Architect David Chipperfield releases new images of £100m scheme as last objection dismissed
Stockholm has emphatically cleared the way for David Chipperfield’s £100m Nobel Centre to be built on the city’s waterfront.
The Stockholm County Administrative Board has granted detailed planning approval for the controversial scheme and at the same time dismissed all remaining appeals against it.
The project, which Chipperfield won in an international competition in 2014 and which is being led by the practice’s Berlin-based managing director Christoph Felger, has divided opinion in Sweden.
The country’s king described the brass-clad cultural centre as “very domineering”. Opponents criticised its location on a delicate site requiring the demolition of a number of historic harbourside buildings.
But the city authorities gave outline permission a year ago, since when the practice has been working up the proposals.
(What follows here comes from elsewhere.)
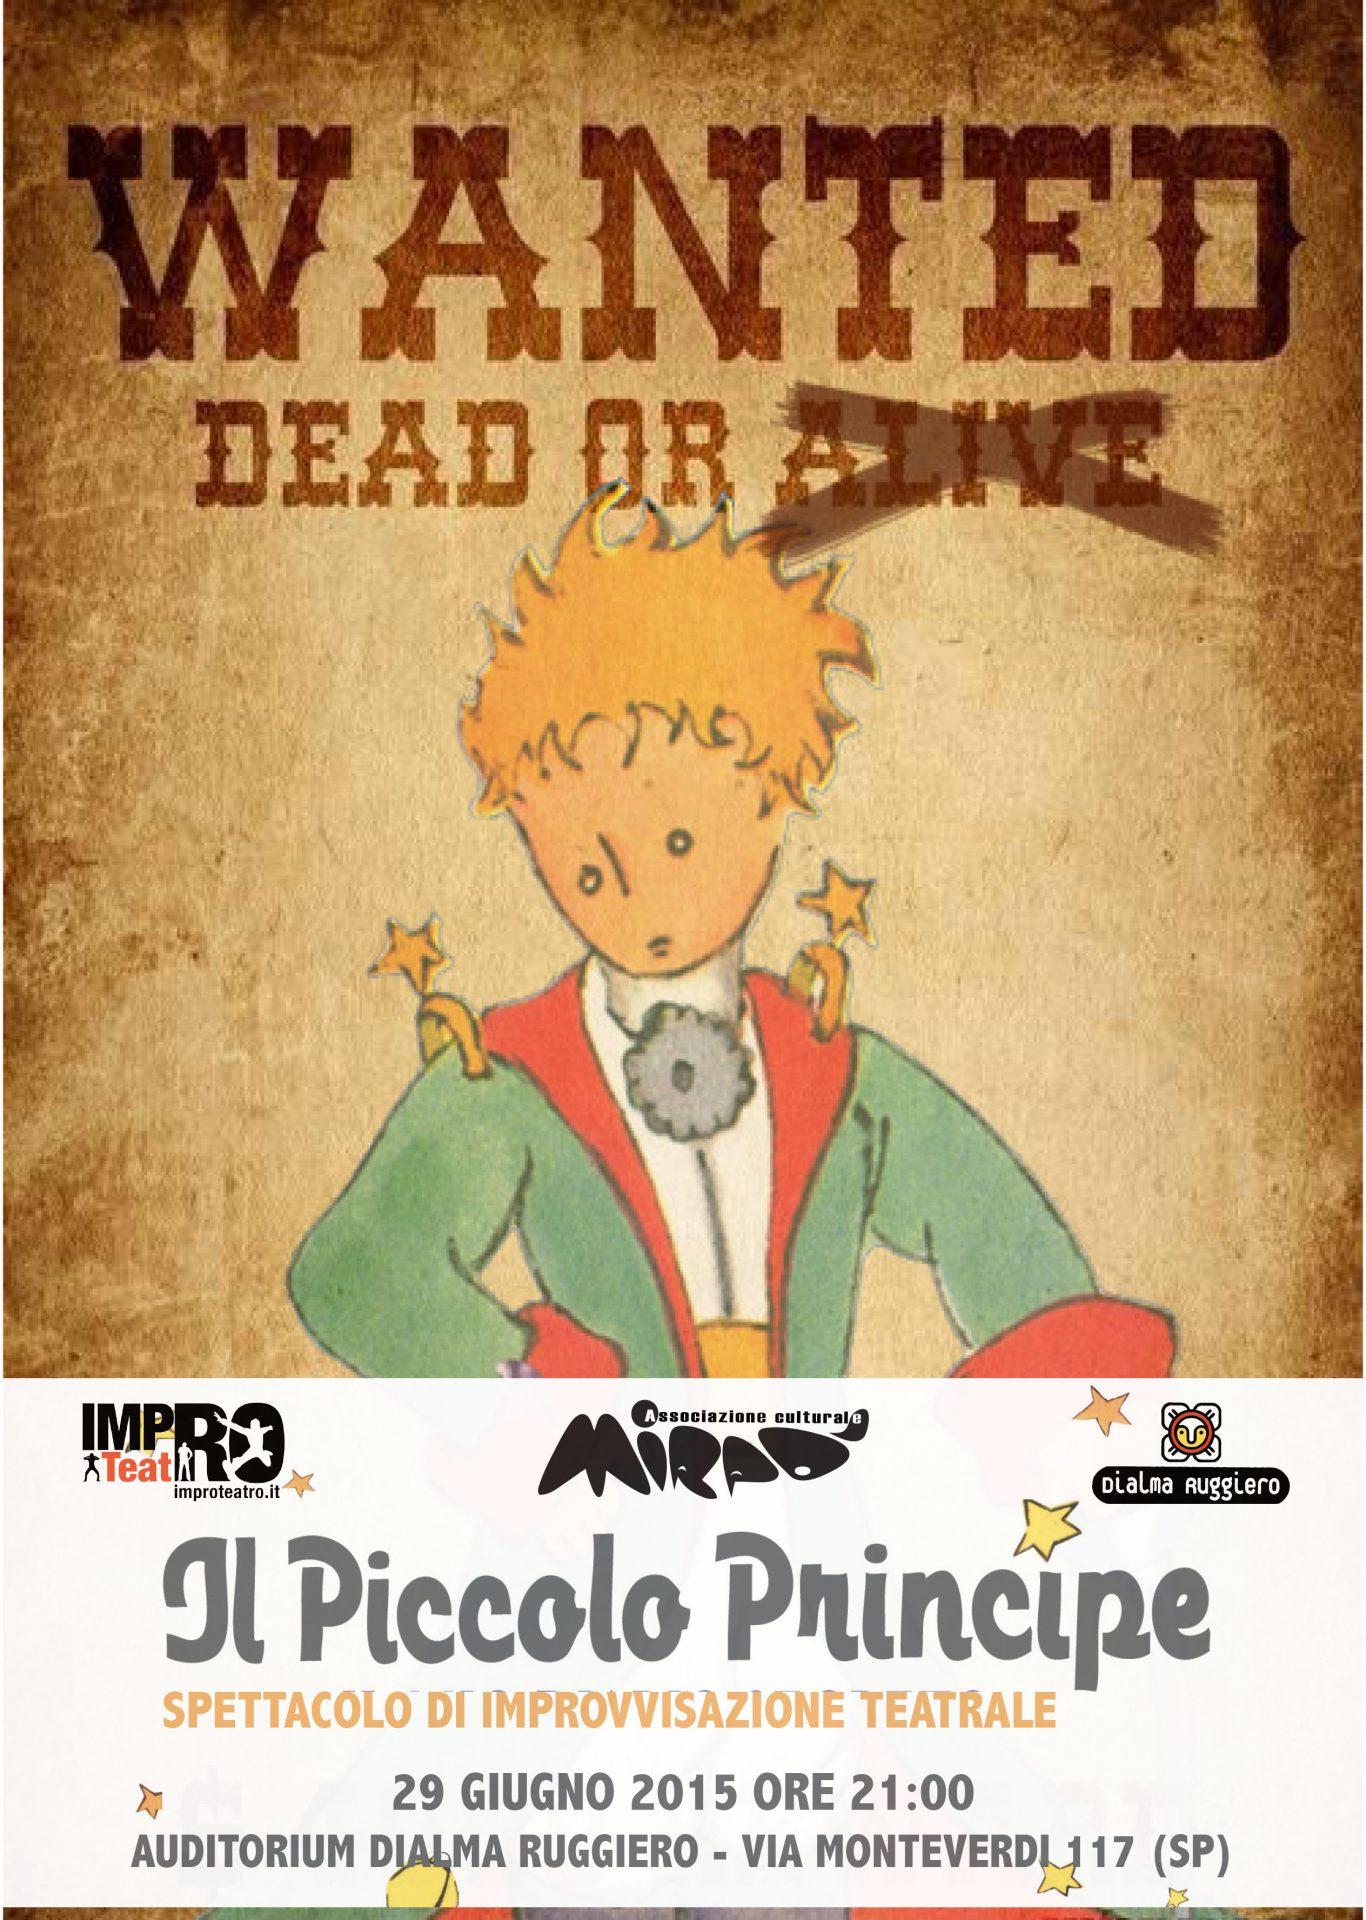 PiccoloPrincipe

Lars Heikensten, executive director of the Nobel Foundation, said they were “very pleased” with this week’s approval.
“By constructing the Nobel Centre, we are creating the home of the Nobel Prize in Stockholm – an intellectual living room with broad public activities including school programmes, scientific conferences, meetings and events,” he said.
“In an era when facts are being challenged, when populism and nationalism are flourishing, the Nobel Prize has a unique opportunity to draw attention to science, knowledge, humanism and peace.”